There’s nothing wrong with fathers taking an active role in the development of their daughters. But it should be about education and giving them the right tools to make the best decisions for themselves. The problem with the abstinence movement is that it completely misunderstands and ignores the fact that young people are going to have sex. Teaching ‘abstinence only’ then prepares a person to feel guilty when they have sex, but doesn’t prepare them to have guilt-free SAFE sex.
And the insistence on sexual purity until the wedding night is an outmoded, outdated, paternalistic assertion of sexual authority. Fathers should not be teaching daughters that virginal purity is the be-all end-all of sexual relations. It encourages a sexual politics that leads to the attitude (in men) that causes death sentences in some Muslim societies or the secret basement family of Josef Fritzl. That is Warner’s point. It creates a mentality in which men are the owners of women’s bodies and any sullying of female chastity makes her unworthy to be wed.
15. June 2008 at :
When Golda Meir held cabinet meetings as Prime Minister of Israel, she made and served dinner! We in America seem more conflicted about our roles. Personally, I do almost all of the food shopping, about half of the cooking, and most of the laundry at my house. Frankly, I don’t feel in the least emasculated. When I was a teacher for a couple of years my department head was Mrs. Kaplan, and the organizational skills which she taught me have been used in my law practice for over 30 years. I didn’t feel belittled that she was the boss.

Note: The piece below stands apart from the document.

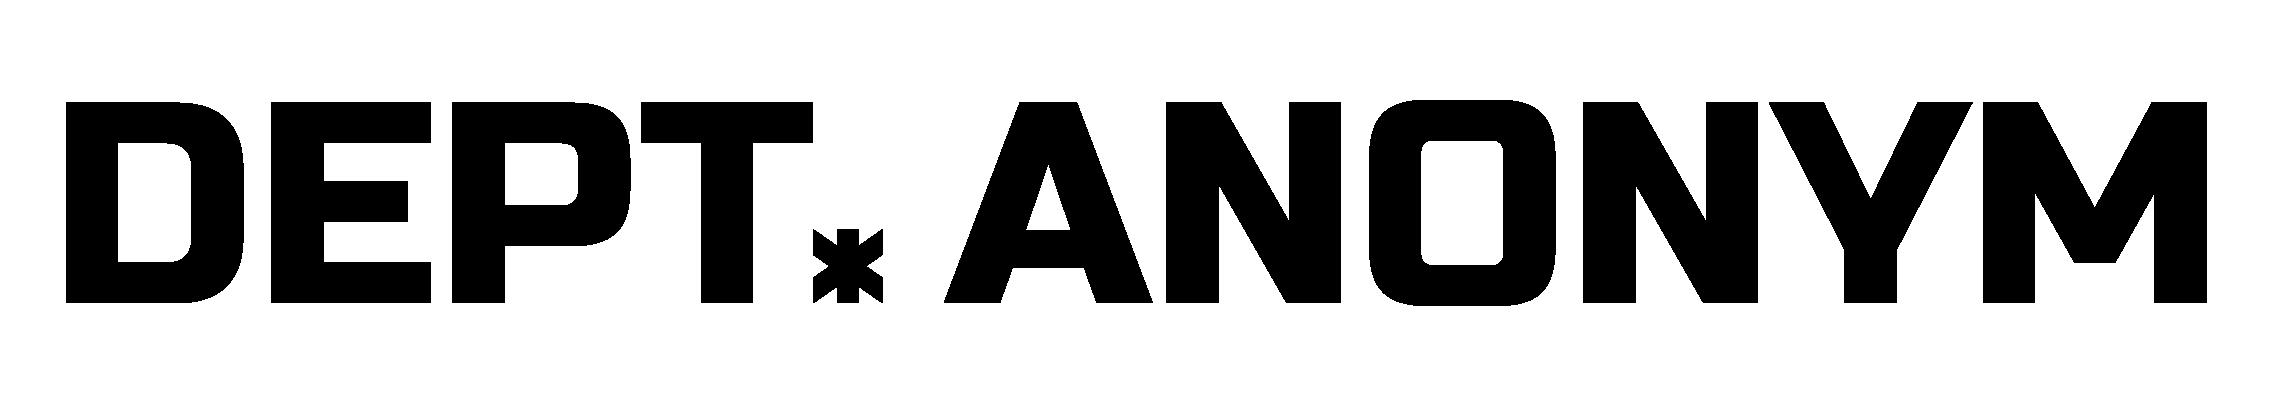 DEPT.ANONYM
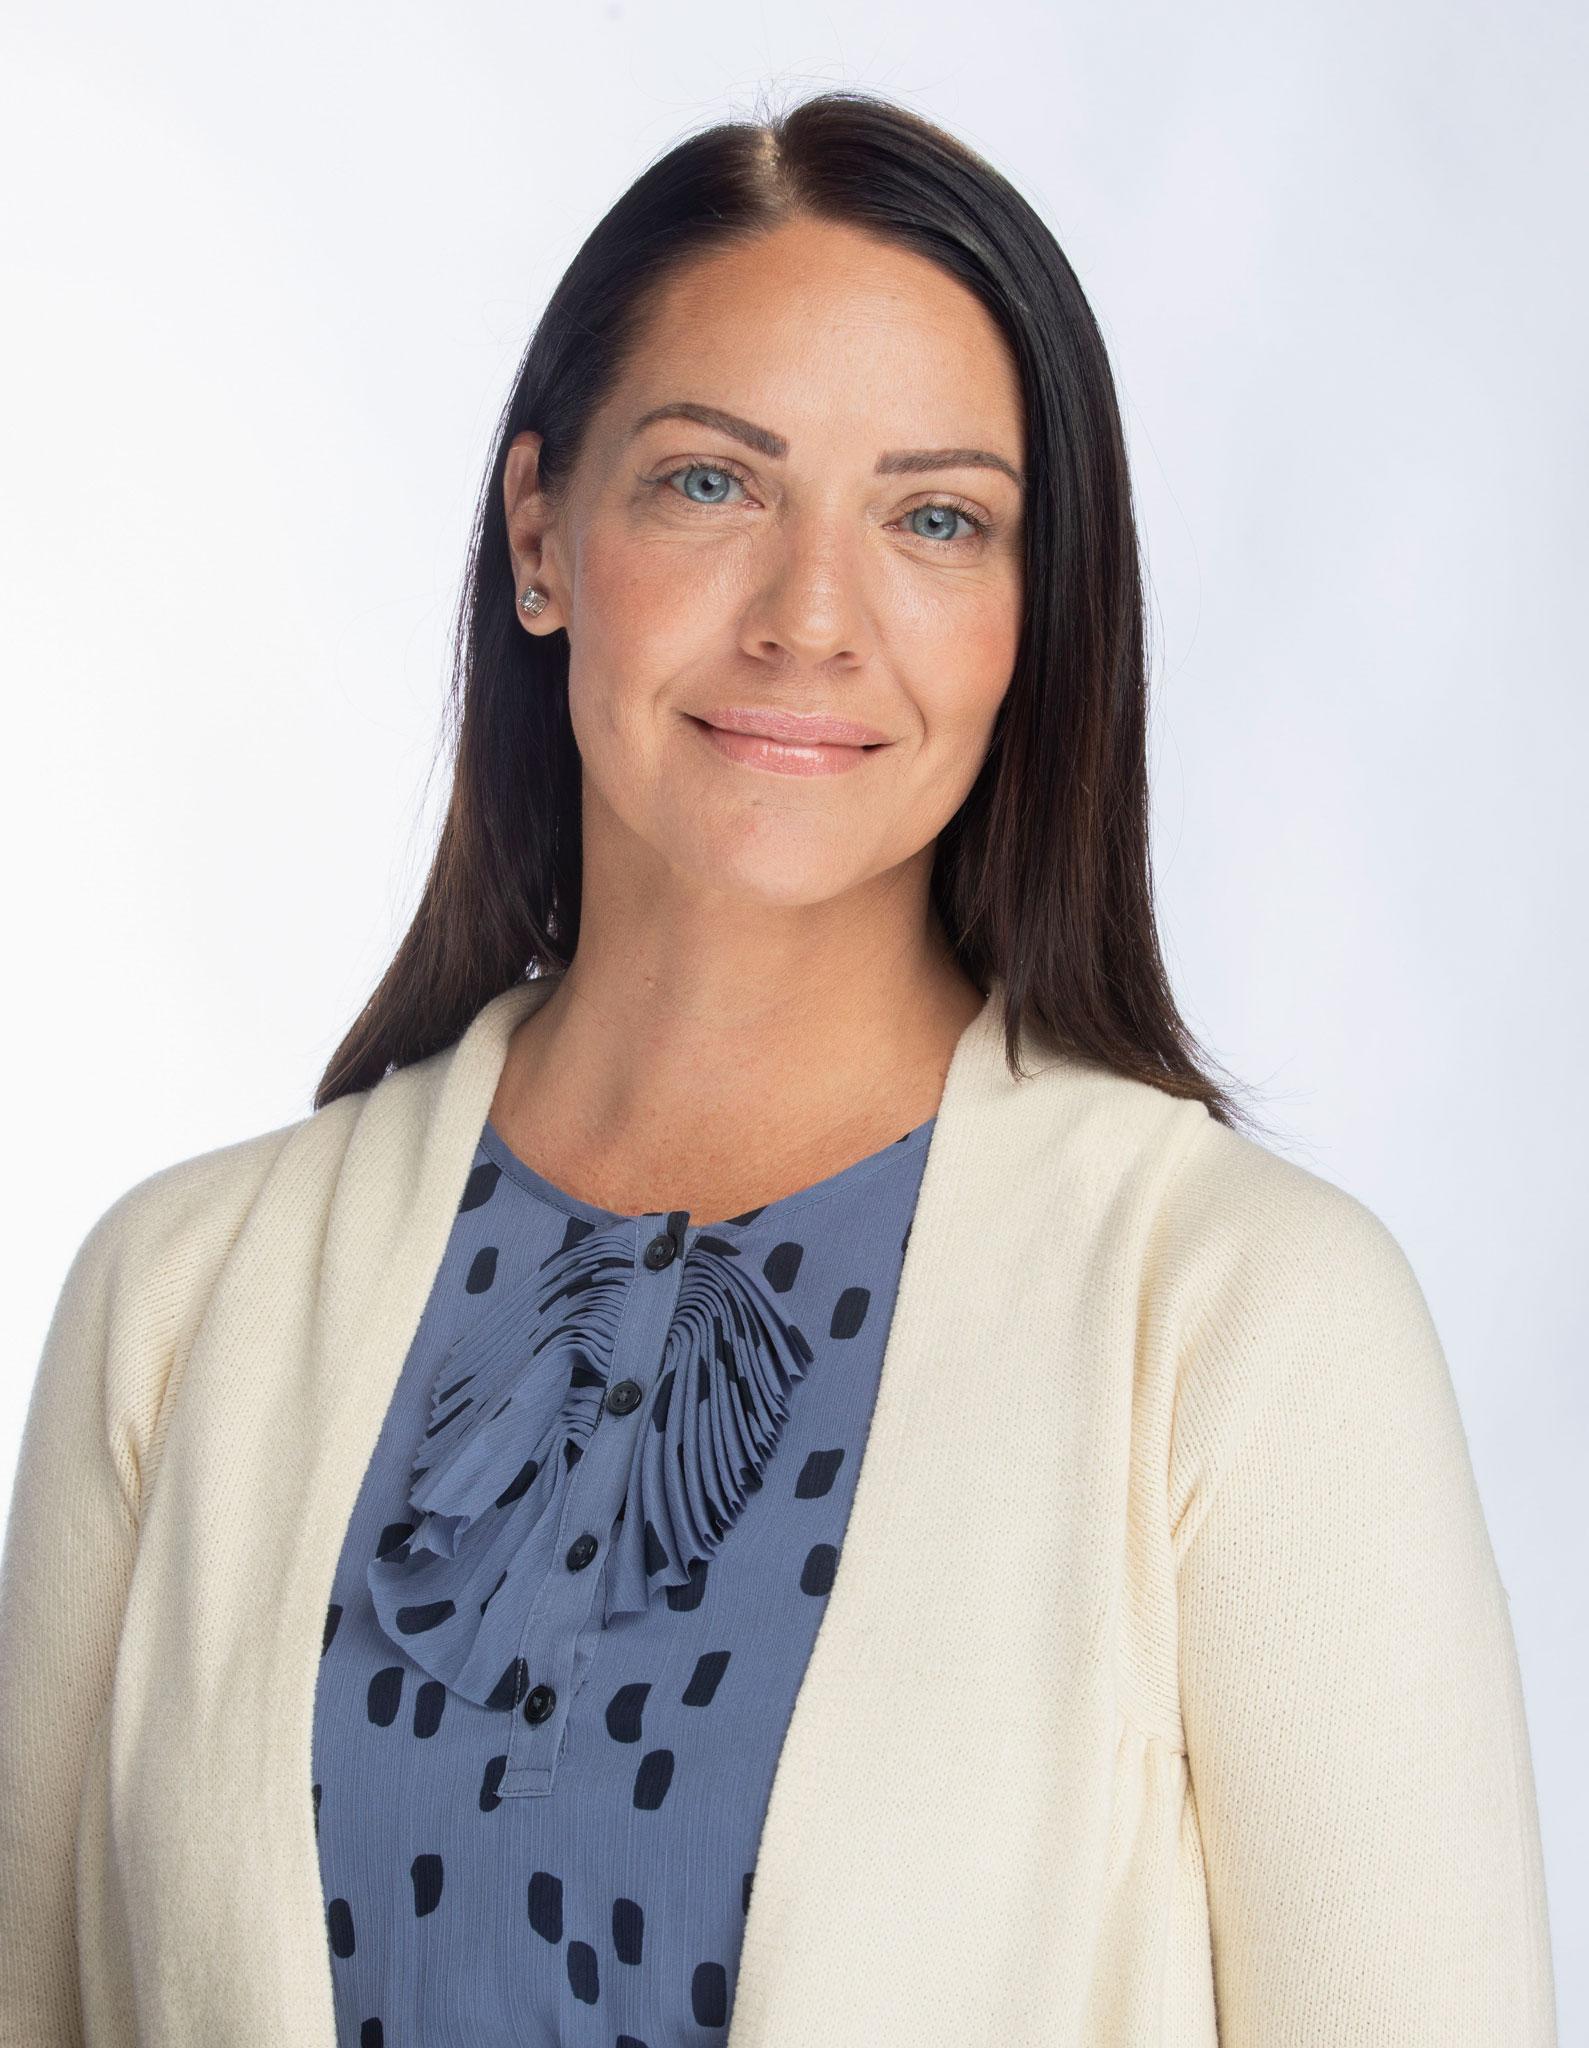 Amy Spagnolo

Frankly, I am puzzled at men who despise women. My family had its share of tough women, but at the same time my grandfather on my mothers side and the one on my father’s side weren’t cowed in the least. I think that men who feel that they have to abuse women have severe mental problems that should be attended to.
Most of the men I know that give women a hard time are very insecure individuals. They don’t like women and frankly they don’t really like themselves. Some of them really don’t understand that they are doing something wrong because to do so would compel them to reevaluate their psychic organization. It is true that there has been a sea change in men/women relationships in the past 50 years, but things are what they are and it is impossible to make things as they were in the 1950s even if anyone wanted to.
I don’t think that overwhelming majority of men don’t want to go back to the days when a man couldn’t make his own dinner or do their own laundry. We have gotten used to an equal relationship with women; both intellectually, socially, in the workplace, and physically. It is too late to put the genie back in the bottle. I wish that I could say that sexism would disappear in society and the workplace but it won’t because it is embedded in the very spirits of many older men. Men get older and their influence wanes and a new generation takes over. When that happens old problems often resolve, not because of anyone’s best efforts, but because of an evolution of new ideas.
Women like Ms. Warner are bitter because they thought that they would live to see the promised land of sexual equality in their lifetimes but it hasn’t come to pass. Well, Moses didn’t make it into the promised land, but his people did. Things may not change enough while we are here but perhaps they will be better for our children. I think that is what Obama is aiming at.